4:vessel latitude = 60° 20.055996899781974' N
5:vessel longitude = 22° 05.658677820260749' E

If I then run to direction 61 deg position will be fixed in position about
4:vessel latitude = 60° 20.081490651050301' N
5:vessel longitude = 22° 05.752147627347526' E

So there is some error on position parsing.
bild

Desktop (please complete the following information if applicable):

  • OS: Windows
  • Version 5.9.0. ?

Additional context

@Hakansv Hakansv added the bug label May 9, 2024
@TwoCanPlugIn
Copy link
Contributor

I would ask for a candump log.

My money is a bug in their simulator software.

@ttlappalainen
Copy link
Contributor

Do you mean my Simulator sw? I have cross tested this with Actisense NGT-1 + Actisense Reader, device build with my NMEA2000 library and Garmin GMI20 MFD. All other except OpenCPN shows longitude right.

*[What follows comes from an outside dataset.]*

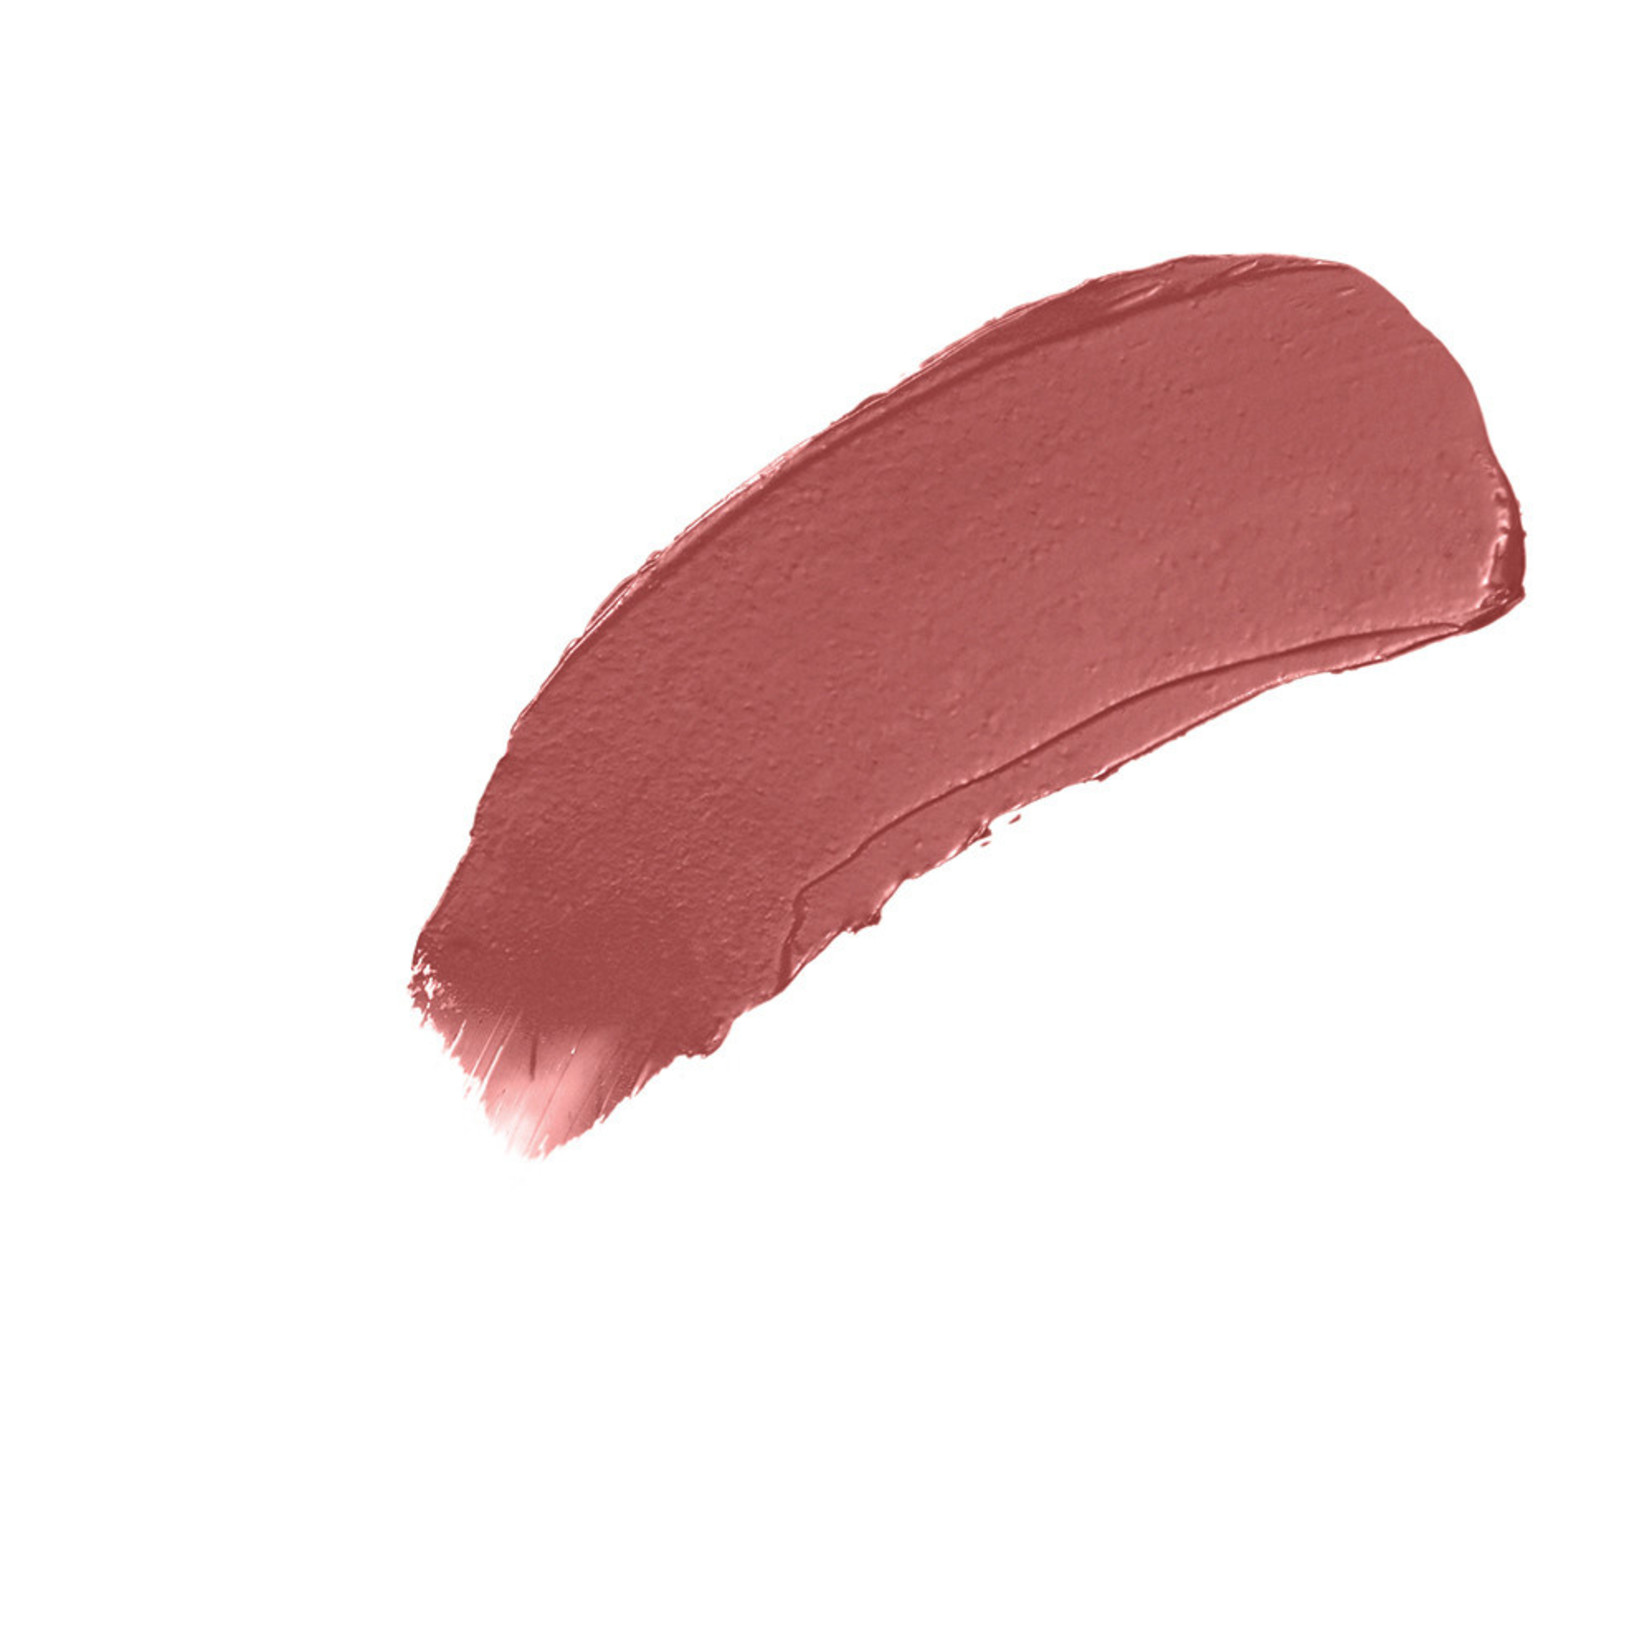 Triple luxe lipstick gabby

One problem is that result depends of other data on the bus. If I feed only 129029, error is stable at given position. If I feed also some long fast packet e.g., 126998, longitude value start to jump between 2 values.

I expect there some overlapping data, while reading it to vector.

@bdbcat
Copy link
Member

bdbcat commented May 18, 2024

Timo...
Sorry, I cannot reproduce. Testing using your simulator, OCPN running on both Win and linux using YDEN-02 interface. Setting static position given above (first), result decoded and reported by OCPN is steady with PGN 129029 isolated. Adding 129025 makes no difference.
Any other ideas to reproduce?

@ttlappalainen
Copy link
Contributor

Strange, I can do it at any time. Do you test with OpenCPN Windows or Linux?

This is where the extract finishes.